The charter, aimed at empowering historically disadvantaged South Africans (HDSA), says that the industry must achieve 26 per cent HDSA ownership of mining industry assets within 10 years, a target that will apply to each mining company individually.
It also states that the South African mining companies have agreed to assist HDSA companies in securing R100bn (£6.25bn) of finance to fund participation in the industry within the first five years.
Bell Dewar & Hall mining and minerals partner Blaize Vance said: "It's going to mean an awful lot of work for lawyers. Not just for the firms that traditionally act for the mining companies, but also for those that specialise in project finance, those acting for the empowerment parties, the banks and firms with employment specialists. The list is endless."
The department hopes the funding will come from a variety of sources, including the World Bank, the International Monetary Fund, the African Development Bank and the mining companies themselves."
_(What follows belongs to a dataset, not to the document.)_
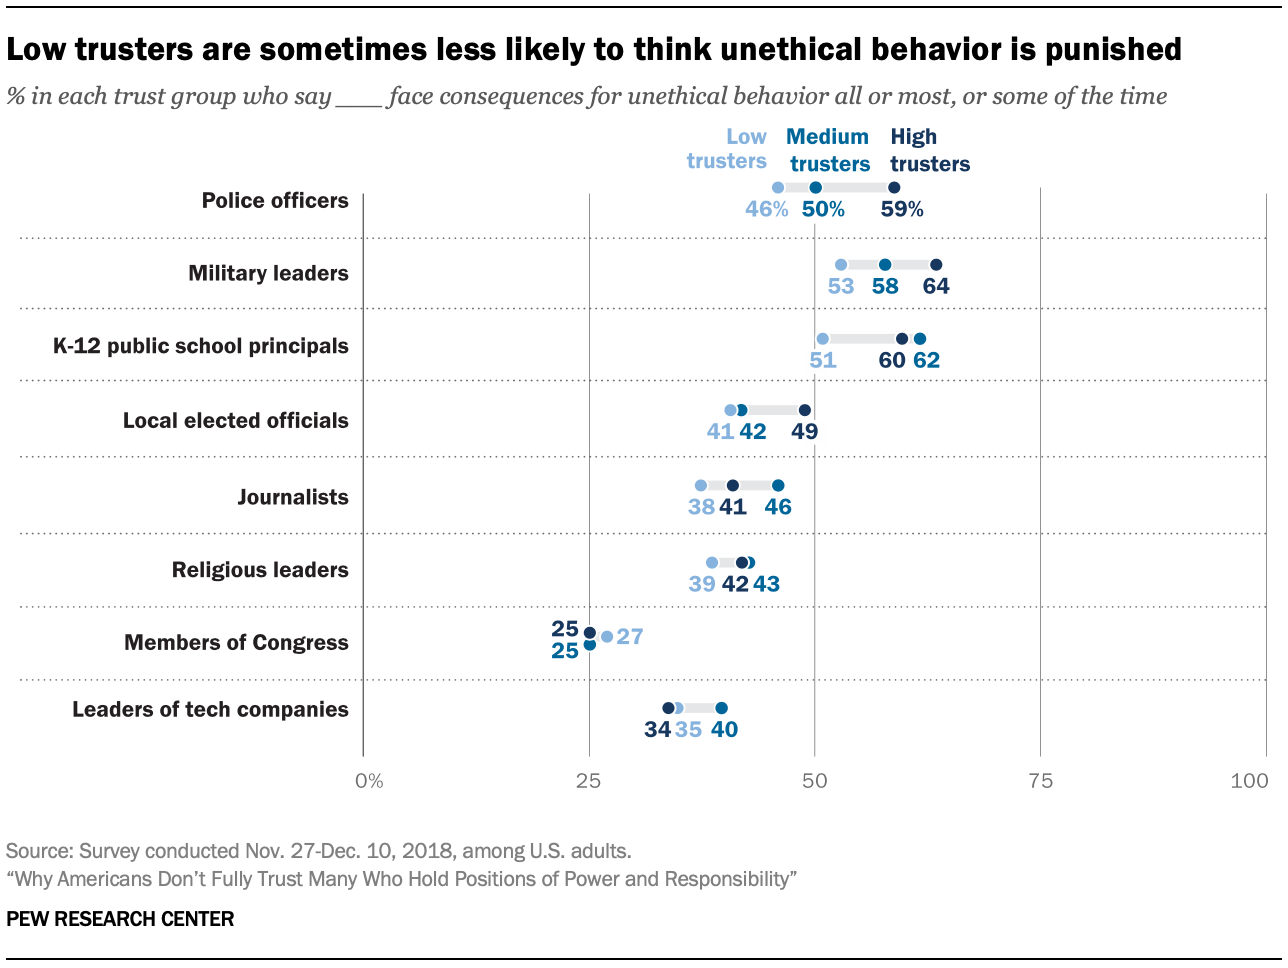 Low trusters are sometimes less likely to think unethical behavior is punished

A large part of the R100bn funding will be done through acquisitions, which will mean a lot of work for corporate and project finance lawyers," Vance said.
The charter will also mean that international firms acting on behalf of investors will have to refer more work to South African firms to get advice for their clients who must abide with the charter.
Firms that traditionally act for the large mining companies include Webber Wentzel Bowens, Deneys Reitz, Werksmans and Bowman Gilfillan.